Oh god - I want to cuddle them both! Gorgeous.


----------



## Kirsty (Sep 9, 2011)

Have you tried putting a warm hot water bottle wrapped in a sweatshirt you have worn fora couple of days, in his bed? This worked with our last dog when we brought him home and he was crying in the night.


----------



## caradunne (Nov 29, 2010)

Good luck Laura. A puppy and a baby are going to be very tough to begin with, as you say dead cute but there will be tears (yours!). There is nothing worse than being tired, I hope you get success tonight, hopefully you are already all asleep.


----------



## macey (Sep 30, 2011)

we brought macey home on friday evening 21st oct. shattered ! the first night wasnt too bad but last night was worse. i have tried putting her in the cage each time she nods off thought it may help her get used to it. shes beautiful and we all love her though we will try again 2nite wish us luck


----------



## Lauramegan (Sep 12, 2011)

oh good luck, we are struggling too really bad. Everytime he wines we take him outside and then he takes 20mins to fall asleep again.

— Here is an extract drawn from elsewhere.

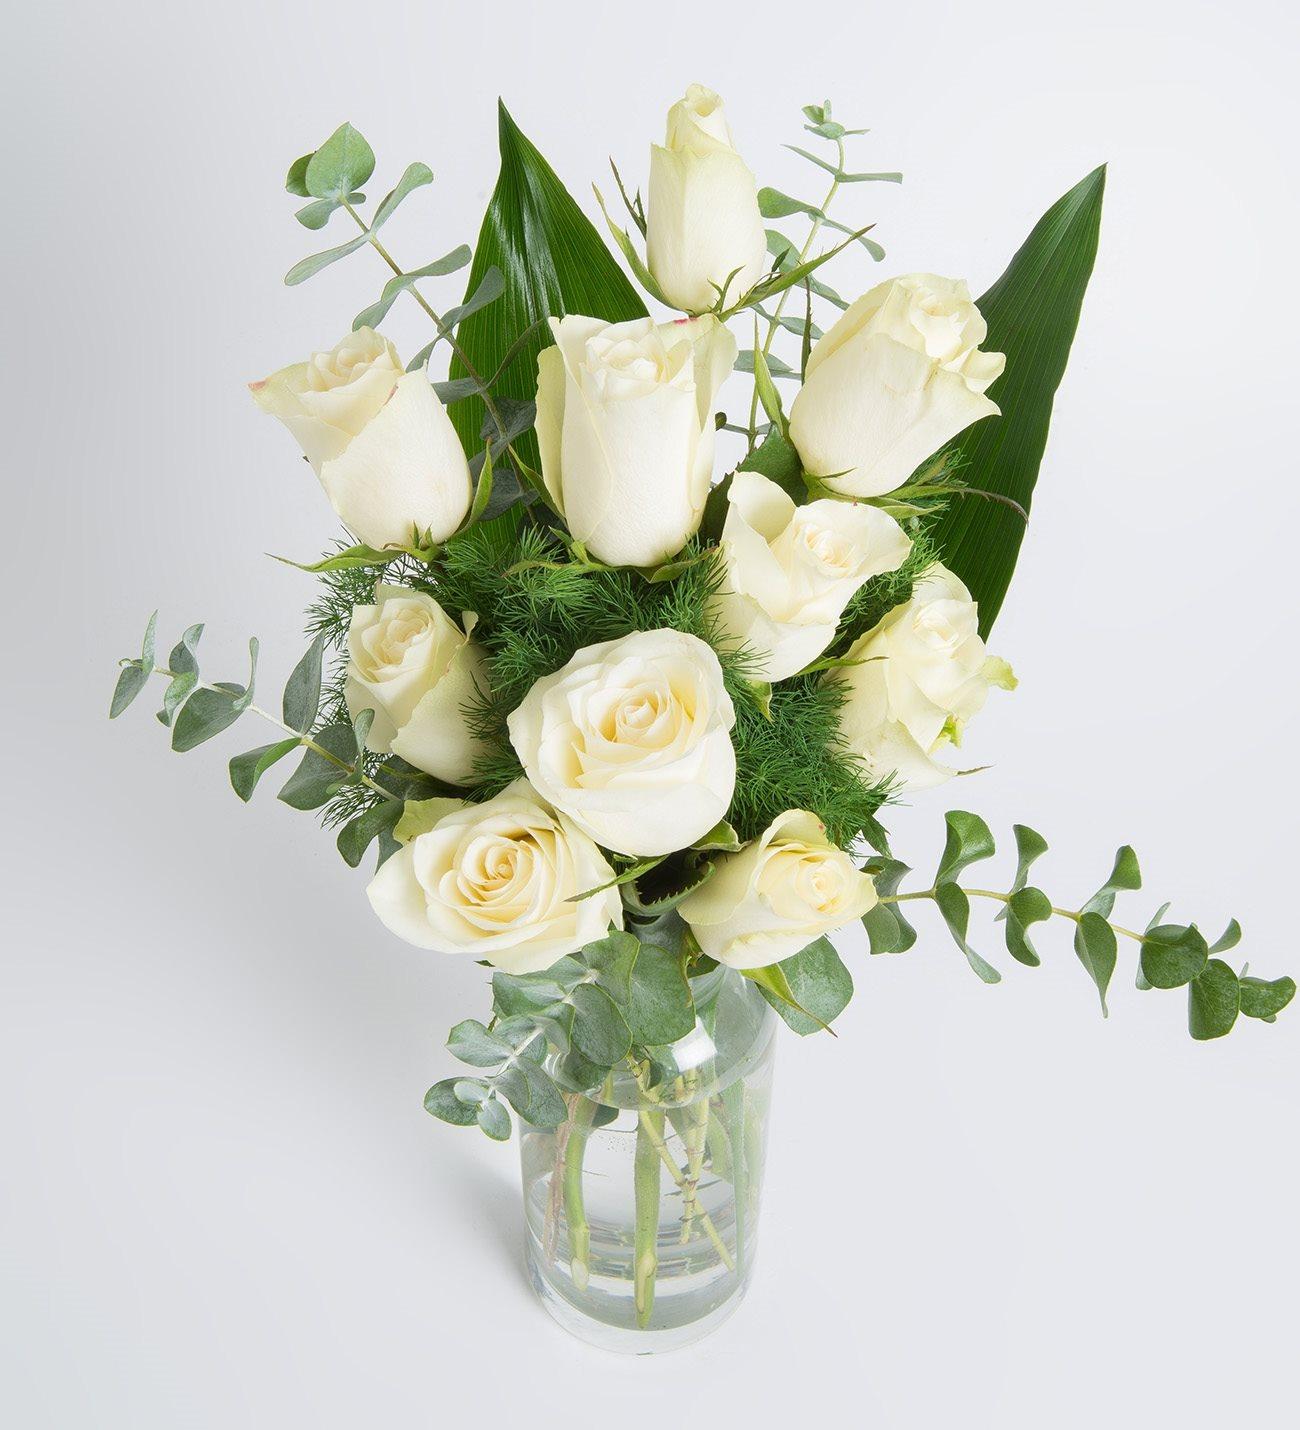 White roses purity of you 10 white roses purity of you izmirmasajfo Images

Tonight our aim is to ignore him completely, and let him learn that he has a toilet area in his cage I don't want to be sleeeeeepppy again!


----------



## Tressa (Aug 31, 2010)

macey said:


> we brought macey home on friday evening 21st oct. shattered ! the first night wasnt too bad but last night was worse. i have tried putting her in the cage each time she nods off thought it may help her get used to it. shes beautiful and we all love her though we will try again 2nite wish us luck


Haha. Yes.I do wish you luck - I remember those days so well I can only say - they pass


----------



## Jedicrazy (Apr 26, 2011)

I have to agree with the ignoring. Isaac is just missing his litter mates. Obi cried for the first two nights but was fine from night three onwards. I found leaving the radio on a talk show helped and something that had my smell on it.

If you're really bothered about the noise why don't you just tell the neighbours you have a new puppy and that there may some noise for a day or two. Oh and I'd be more worried about annoying my new neighbours than ones you are about to leave. Try to be strong and in a few days he will be fine. Good luck.


----------



## Lauramegan (Sep 12, 2011)

I don't have new neighbours as my new house is detached!! Woo! I have spoken to my neighbours and they are fine with it and understand so that's a weight off my mind now  its more just feeling bad, and it's very loud and keeps us up, it just seems easier at the time to go to him! But tonight we will be strong!!!


----------



## Tressa (Aug 31, 2010)

Lauramegan said:


> oh good luck, we are struggling too really bad. Everytime he wines we take him outside and then he takes 20mins to fall asleep again. Tonight our aim is to ignore him completely, and let him learn that he has a toilet area in his cage I don't want to be sleeeeeepppy again!


It is really tiring in the early days - I thought I was going to have meltdown at times. Good luck for tonight.:hug:


----------



## Janev1000 (Oct 4, 2011)

macey said:


> we brought macey home on friday evening 21st oct. shattered ! the first night wasnt too bad but last night was worse. i have tried putting her in the cage each time she nods off thought it may help her get used to it. shes beautiful and we all love her though we will try again 2nite wish us luck


It may be better to put her in the crate before she nods off so she can get used to the idea? A bit like making the baby fall asleep in the cot first! However, I've not even got my puppy yet - I'll probably be tearing my hair out next week!!


----------